Spring tide.
Before I could shout Look out! the spring tide was flooding into the cave. It was ripping the seastars from the walls and breaking the blossom-animals’ holdfasts. It was sprawling Dolyn Craig up against the scaaney ledge. Then it was ebbing. Dolyn lay there and gave me the fisheye. Again it was quiet.
And again the stone rumbled.
Dolyn Craig leaped up like a hare, then. The whitestorm of water was on us. We jumped the threshold down into the stonechamber. There was a hail of spitfoam and sprats. I covered my head and I ran. The waters were at my heels. They were gripping my ankles. And then of a sudden, everything was still.
Stopped on a crest.
Hanging on an edge.
And the sea sucked back.
I fell.
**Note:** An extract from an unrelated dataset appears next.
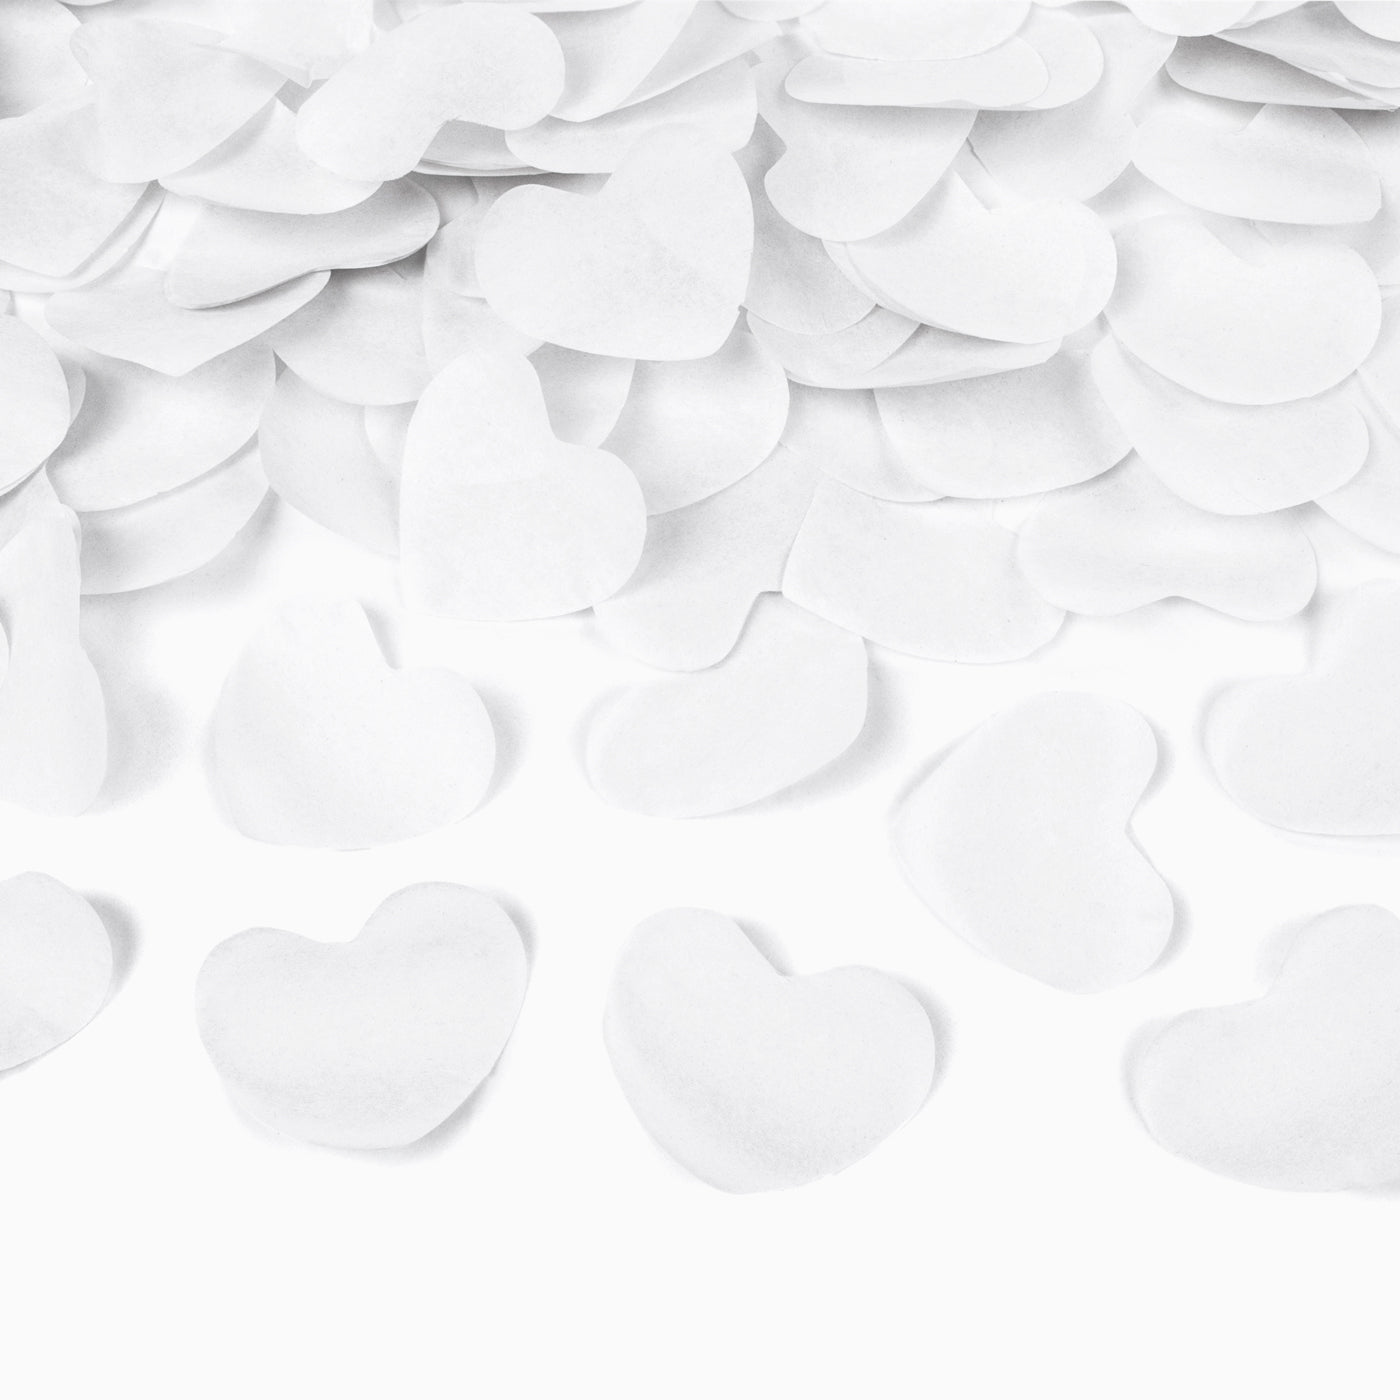 Confeti white hearts 60 cm biodegradable paper

I rolled like a log and was dragged backward, my face raked by sand and shell. The waters slowed, and shallowed, and stopped again. Gritted and flayed, I stood on shaking legs in the ebb. I looked about for Lovely.
And the stone rumbled.
There was no wanting to or not-wanting to left in me. I bolted across the stonechamber and up onto the Otherway.
Dolyn Craig was going like a flame up an oily rag. He pushed me out of the way, running upright and blind. He never looked back once. He went slipping in the gravel, dragging his waterlogged robes, heading for higher ground.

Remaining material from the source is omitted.